Alan Wilson

Personal information
- Full name: Alan Robert Wilson
- Born: 19 November 1936 (age 89) Littleport, Cambridgeshire, England
- Batting: Right-handed
- Bowling: Right-arm medium

Domestic team information
- 1960–1971: Cambridgeshire

Career statistics
| Competition | List A |
| Matches | 4 |
| Runs scored | 1 |
| Batting average | 1.00 |
| 100s/50s | 0/0 |
| Top score | 1* |
| Balls bowled | 144 |
| Wickets | 3 |
| Bowling average | 24.00 |
| 5 wickets in innings | 0 |
| 10 wickets in match | 0 |
| Best bowling | 3/14 |
| Catches/stumpings | 0/– |
- Source: Cricinfo, 23 July 2010

= Alan Wilson (cricketer, born 1936) =

English cricketer

Alan Robert Wilson (born 19 November 1936) is a former English cricketer.
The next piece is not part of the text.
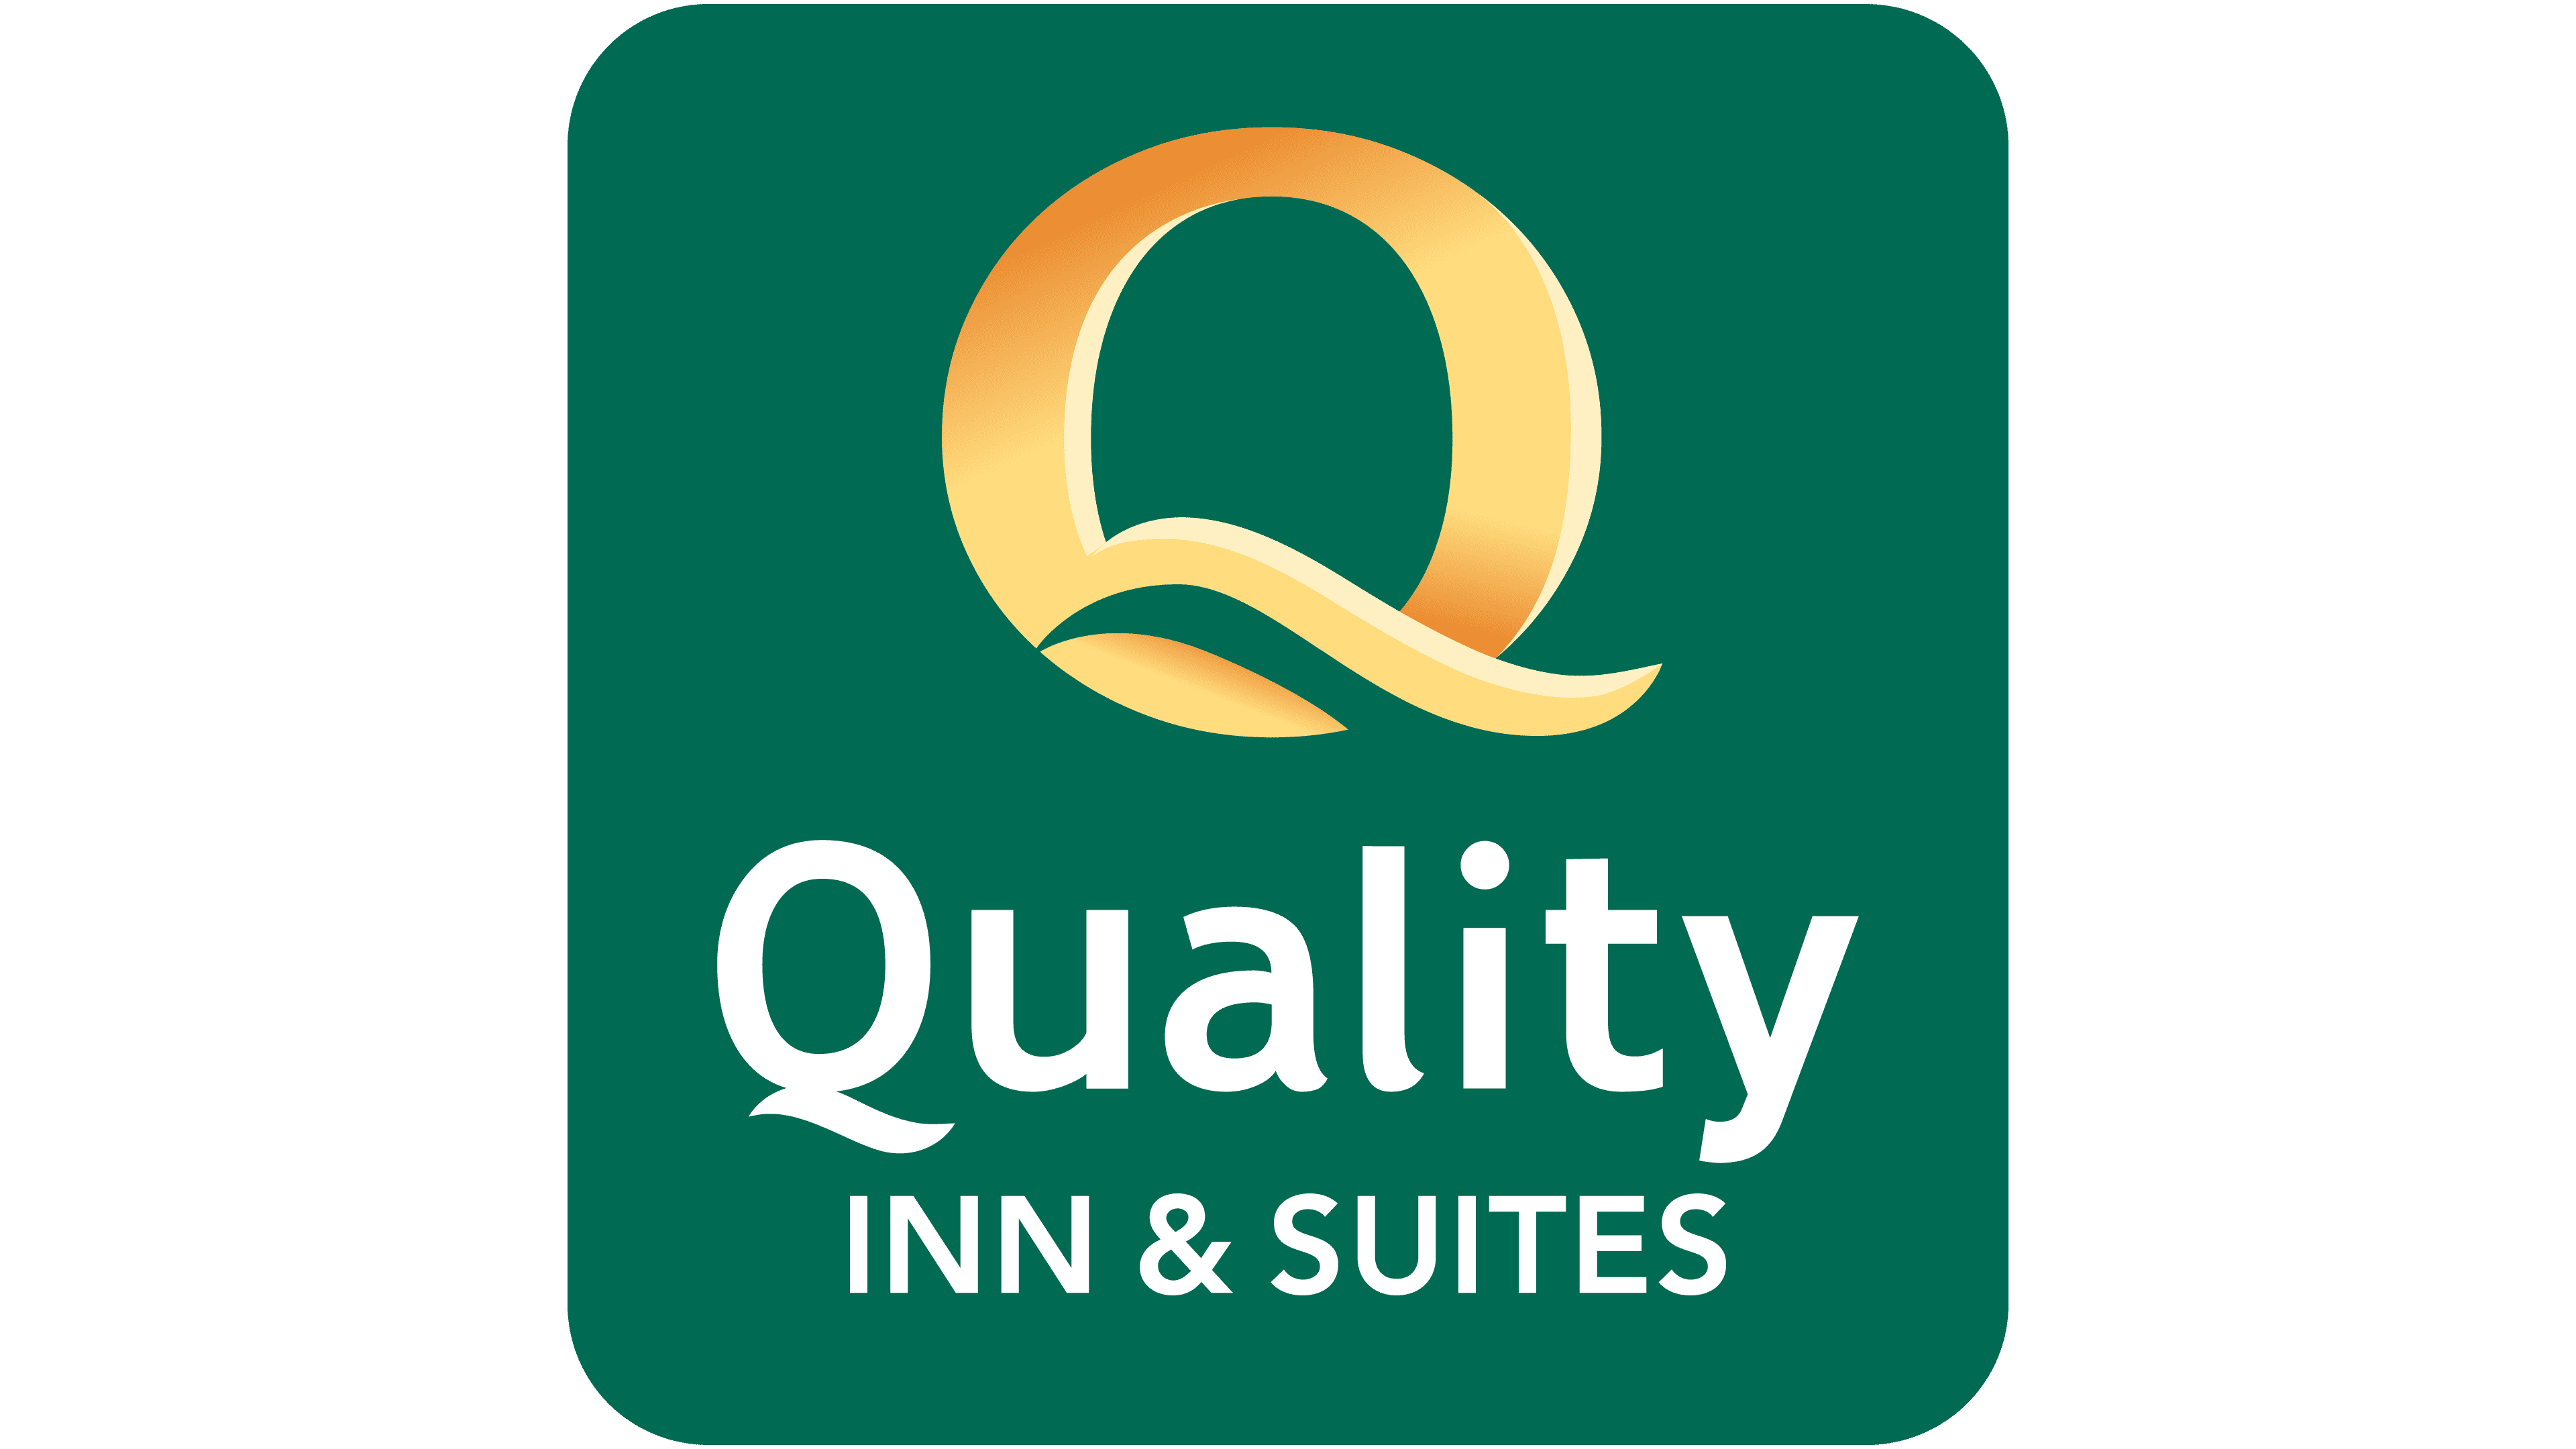 Quality-Inn-logo

Wilson was a right-handed batsman who bowled right-arm medium pace. He was born at Littleport, Cambridgeshire.

Wilson made his debut for Cambridgeshire in the 1960 Minor Counties Championship against Norfolk. From 1960 to 1971, he represented the county in 32 Minor Counties matches, with his final appearance coming against Shropshire in 1971.

Wilson also represented Cambridgeshire in List A cricket, making his debut for the county in that format against Essex in the 1964 Gillette Cup. From 1964 to 1967, he represented the county in 4 List A matches, with his final List A match coming against Yorkshire in the 1967 Gillette Cup. In his 4 List A matches, he took 3 wickets at a bowling average of 24.00, with best figures of 3/14.